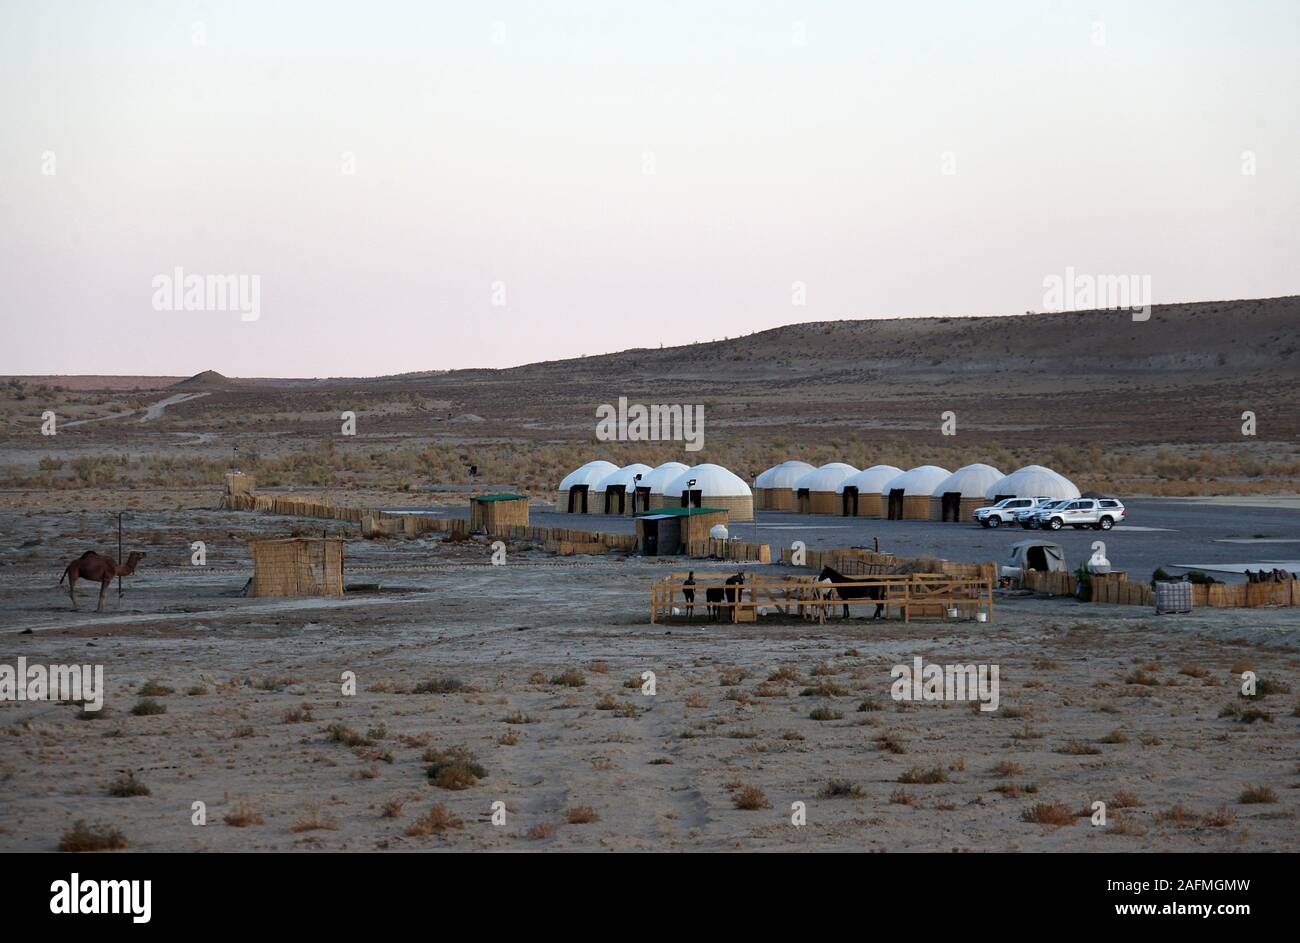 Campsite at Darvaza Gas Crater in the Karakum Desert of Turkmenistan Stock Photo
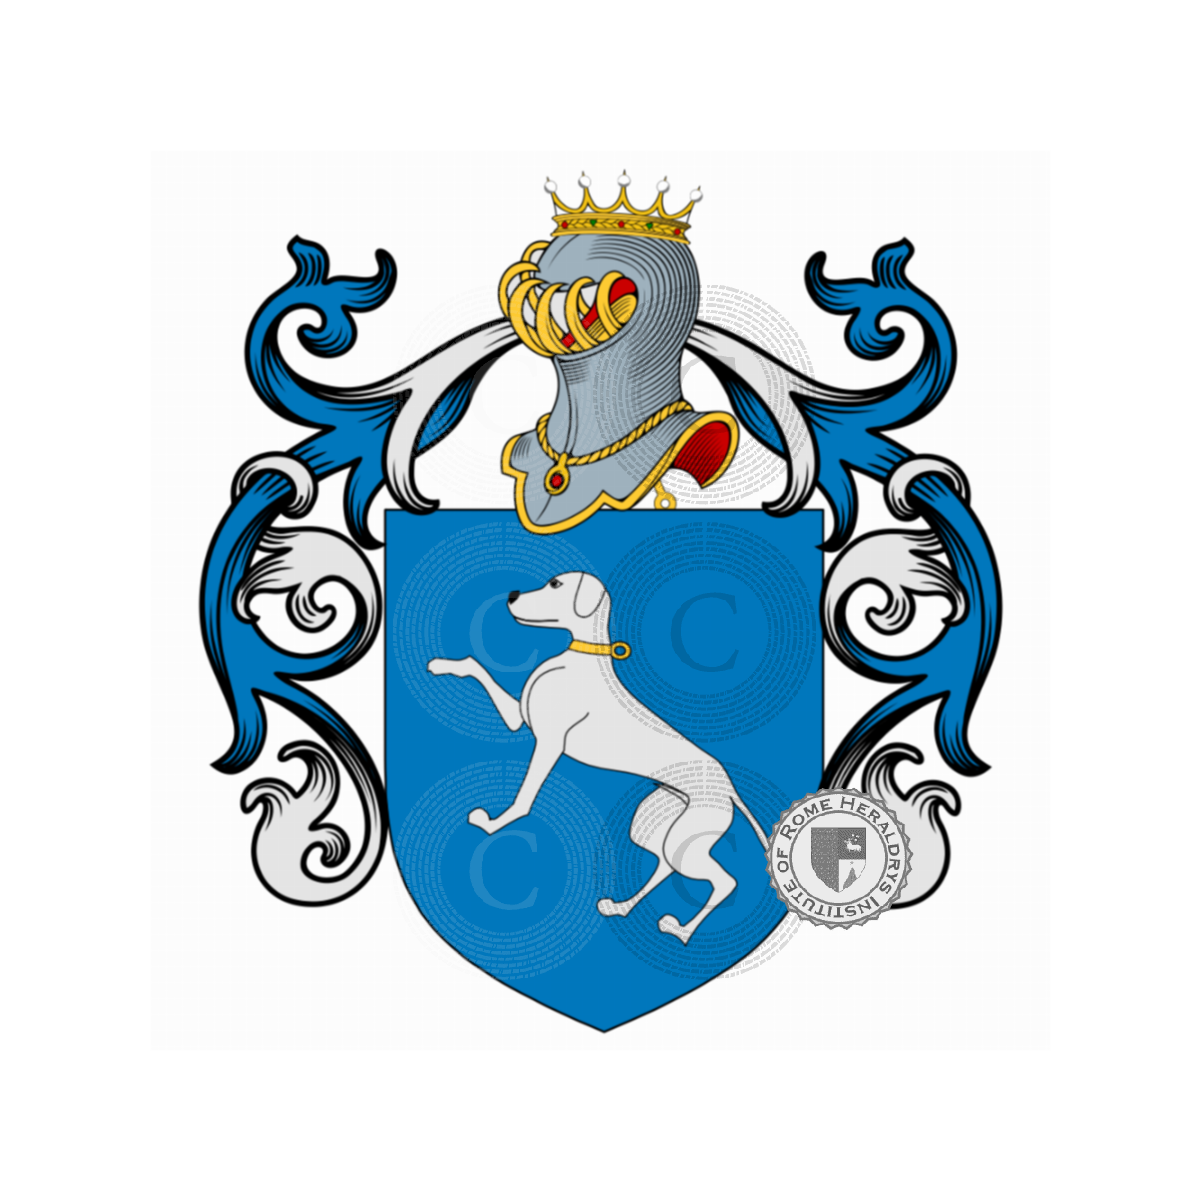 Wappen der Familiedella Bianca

--------------------------------

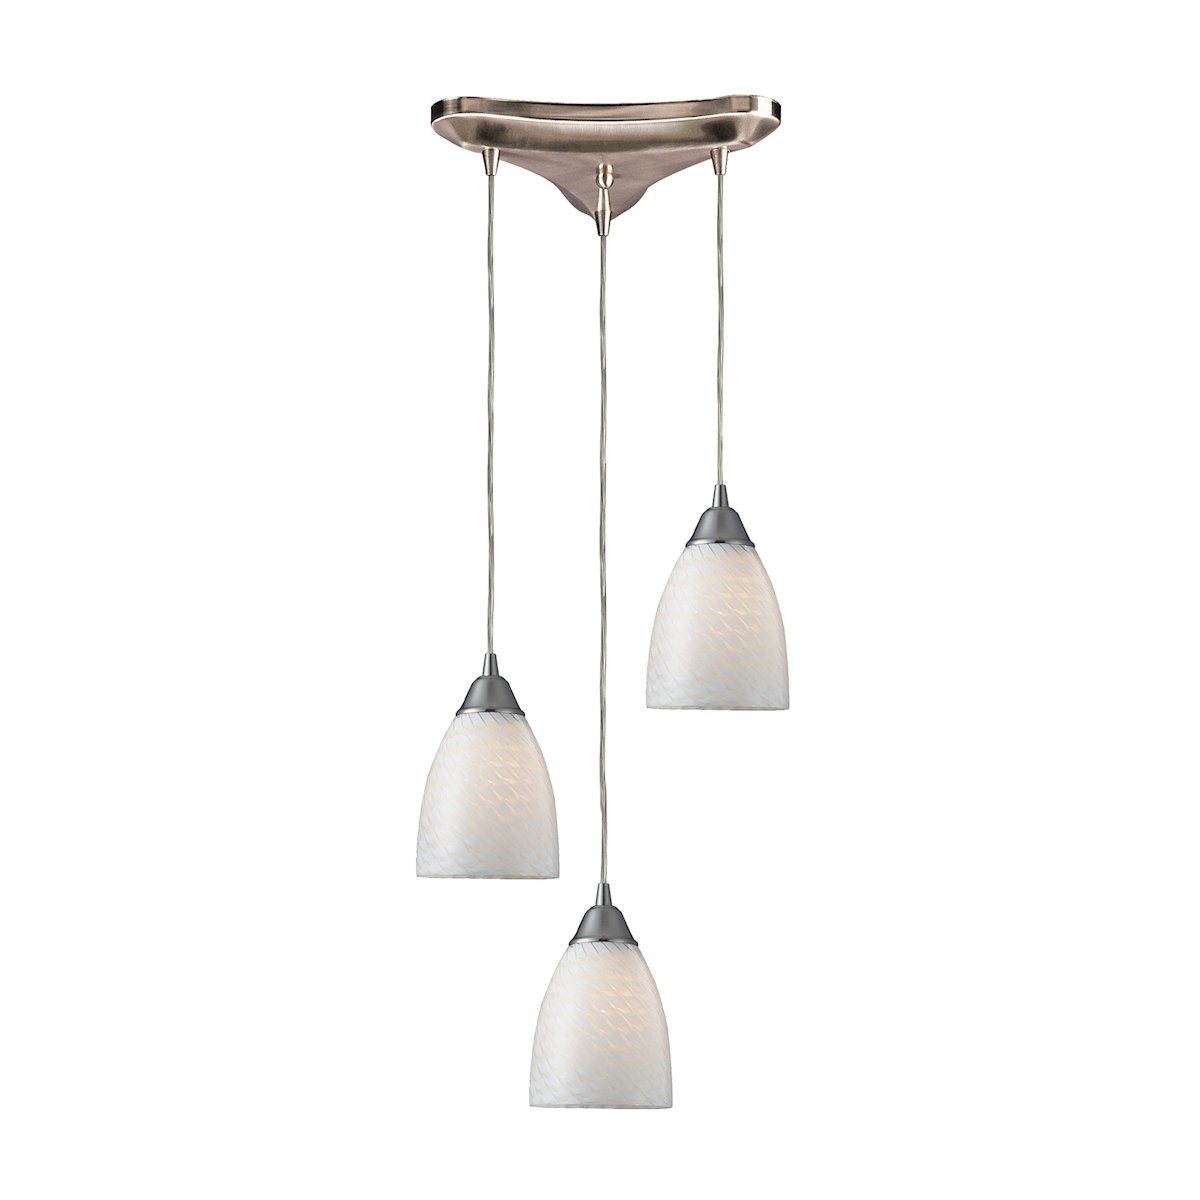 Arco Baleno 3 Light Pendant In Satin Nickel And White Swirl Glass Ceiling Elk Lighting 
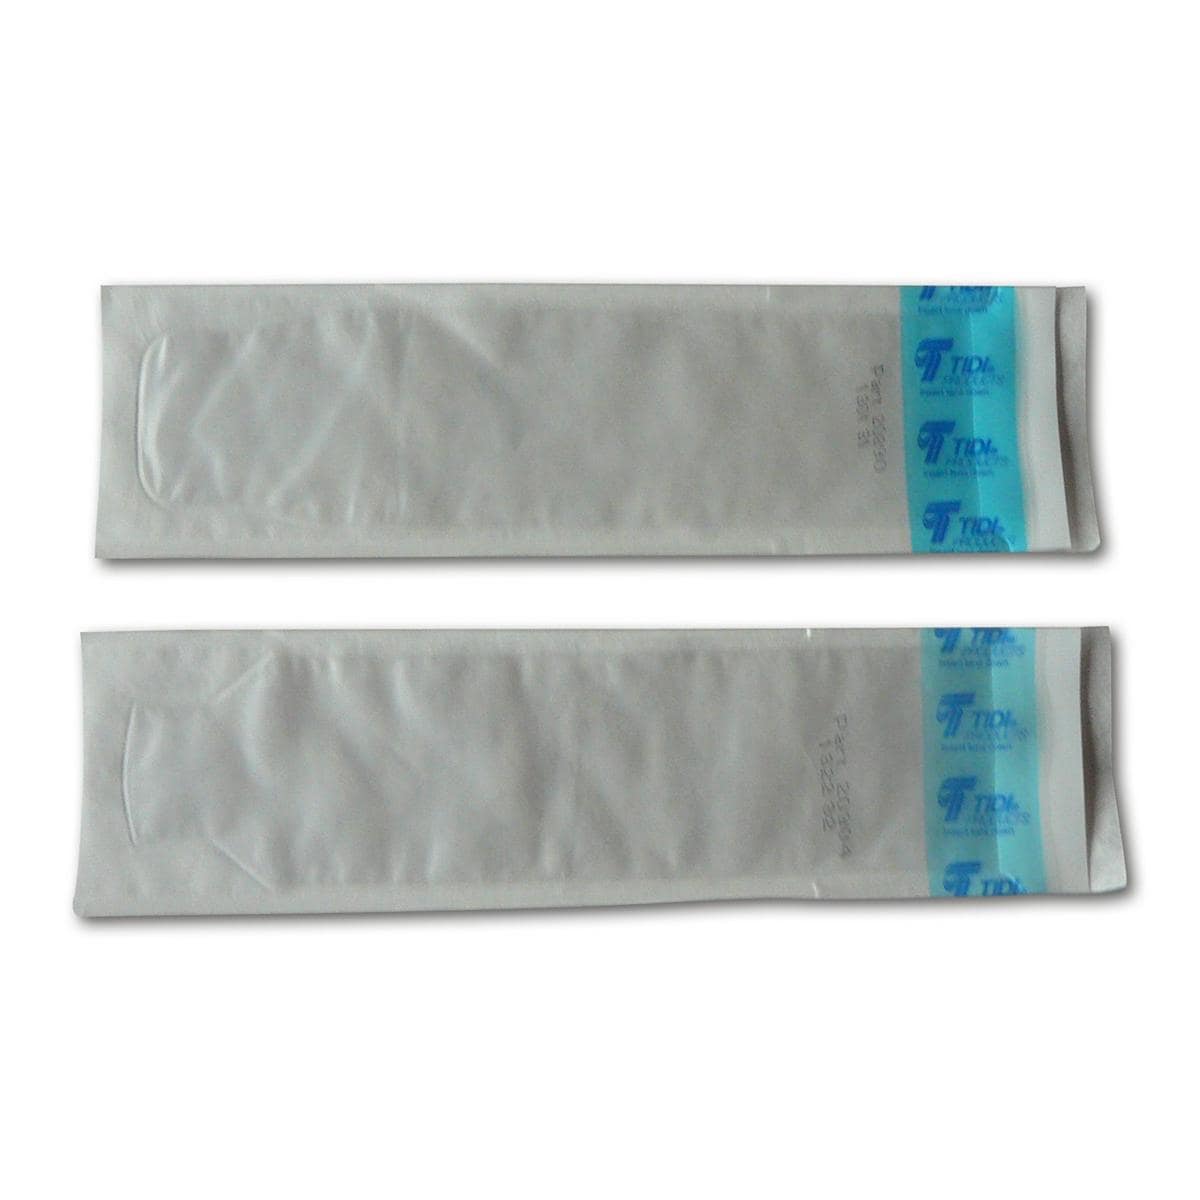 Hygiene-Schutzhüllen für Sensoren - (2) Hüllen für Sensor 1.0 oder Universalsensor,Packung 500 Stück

--------------------------------

● What is required:
Copy exactly the material above from the line with "Campsite at Darvaza" to the line with "Wappen der Familiedella Bianca", ends included, and nothing else. Leave out any picture.

● Response area:
 Campsite at Darvaza Gas Crater in the Karakum Desert of Turkmenistan Stock Photo
 Wappen der Familiedella Bianca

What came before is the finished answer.